_Exercise instructions_: The answer should hold only the lines from the one containing "600 Sheets White" through the one containing "Bride wearing the" in the entries below, copied exactly, without pictures.

_Provided material_:
►

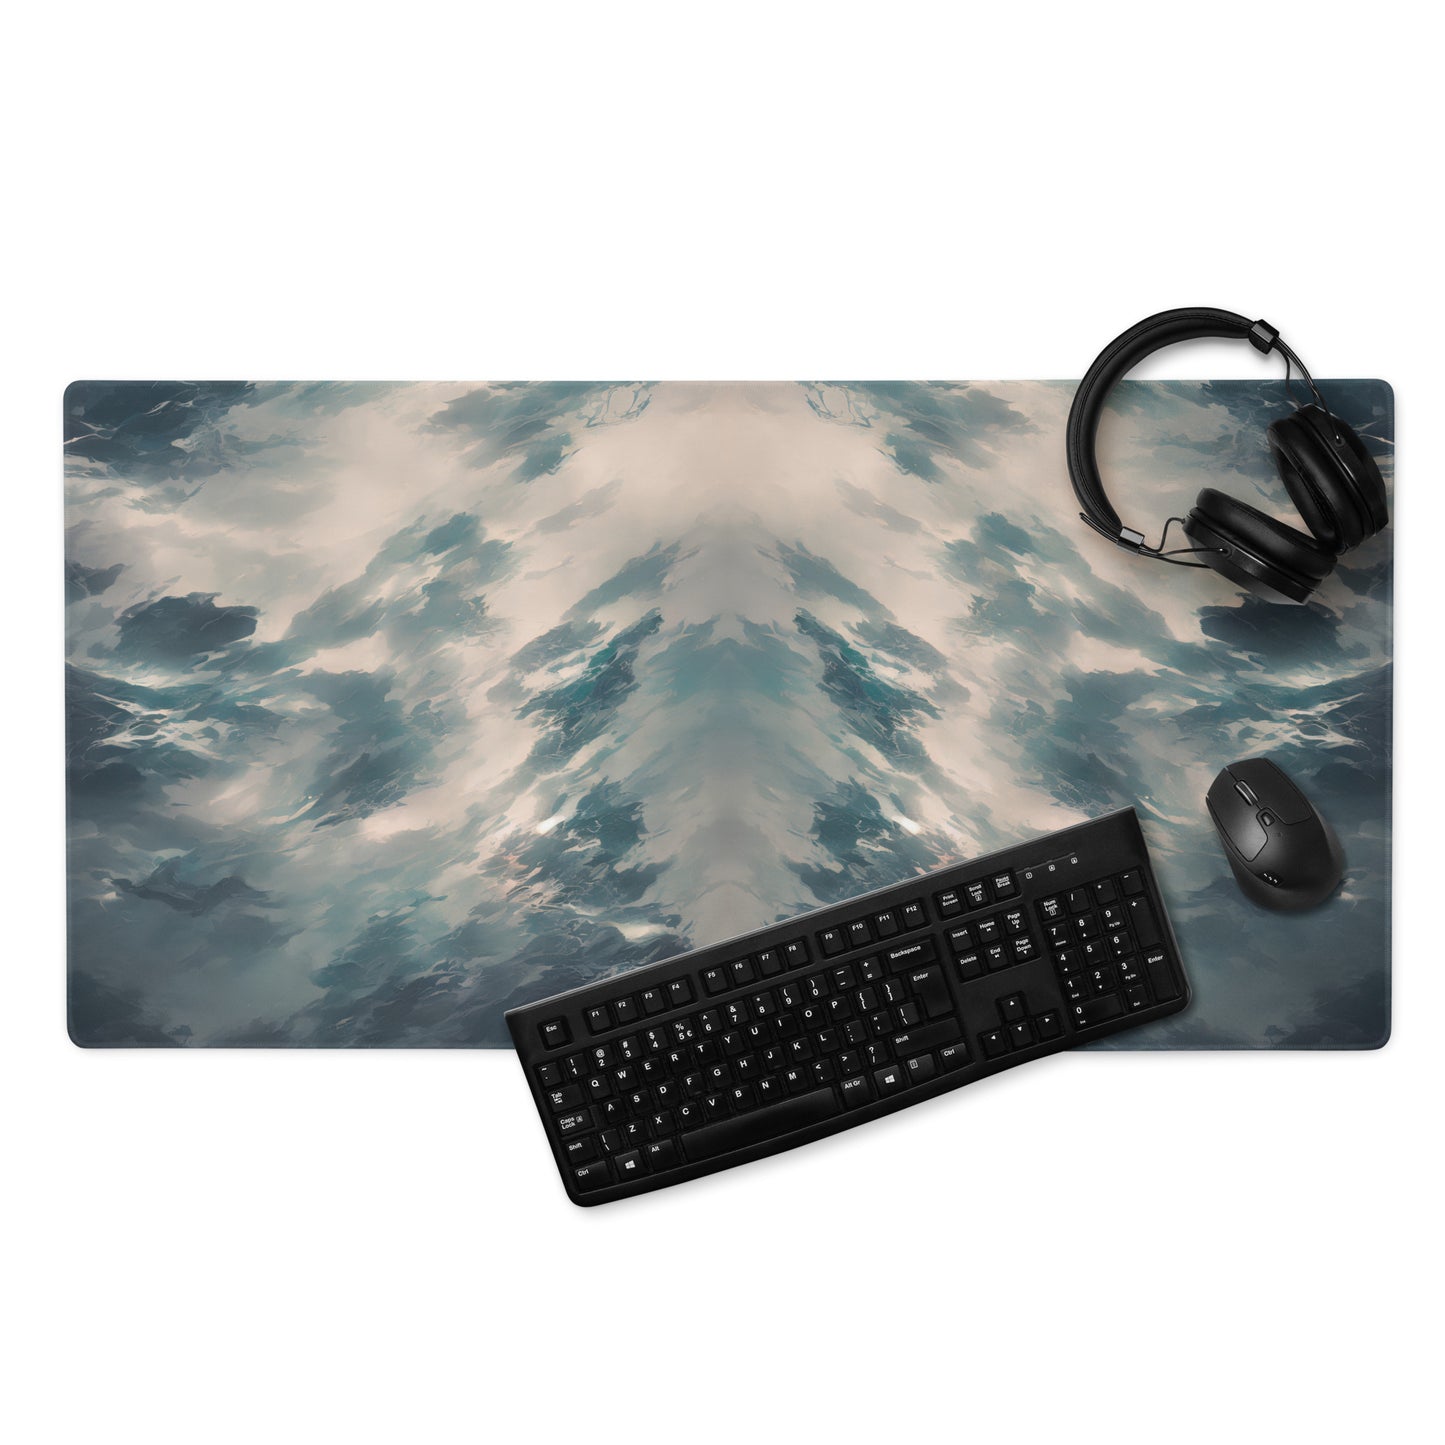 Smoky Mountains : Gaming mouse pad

◄
►

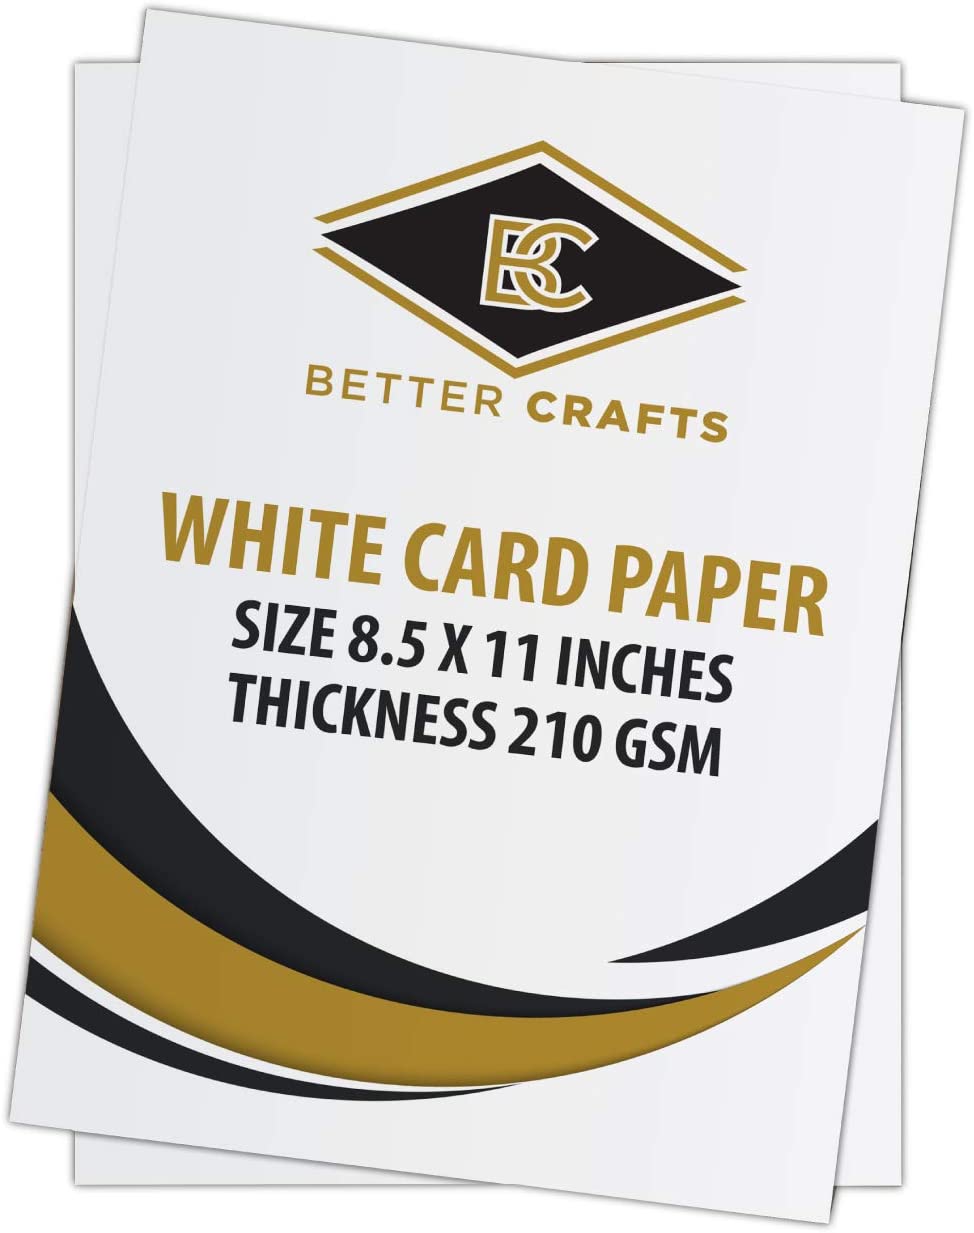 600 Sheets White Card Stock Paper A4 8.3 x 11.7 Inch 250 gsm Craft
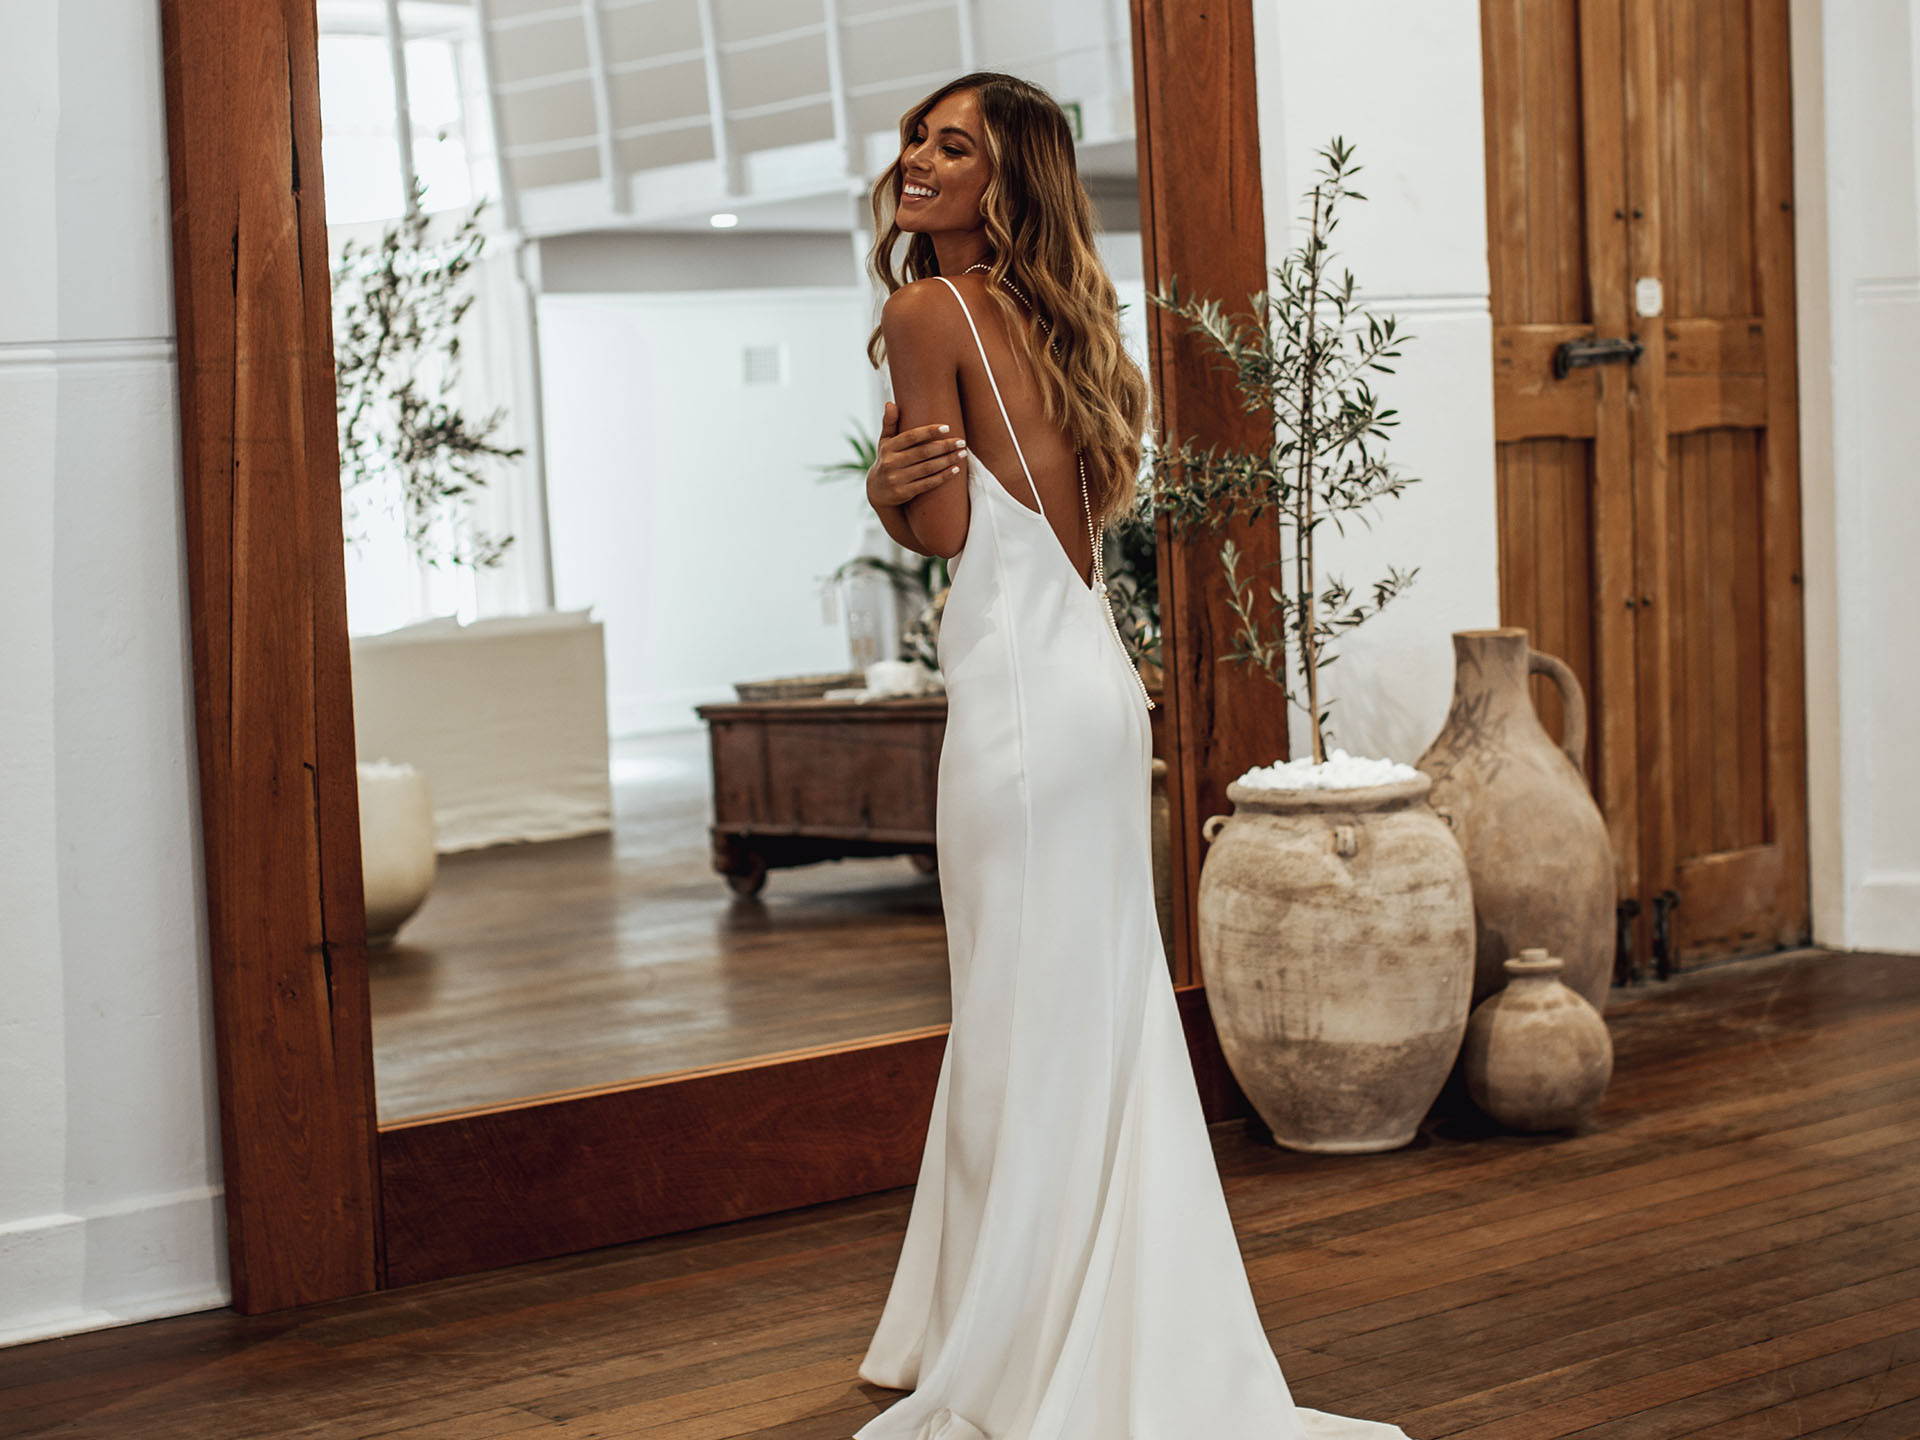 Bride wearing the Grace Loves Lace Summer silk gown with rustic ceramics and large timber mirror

◄

_Exercise result_:
 600 Sheets White Card Stock Paper A4 8.3 x 11.7 Inch 250 gsm Craft
 Bride wearing the Grace Loves Lace Summer silk gown with rustic ceramics and large timber mirror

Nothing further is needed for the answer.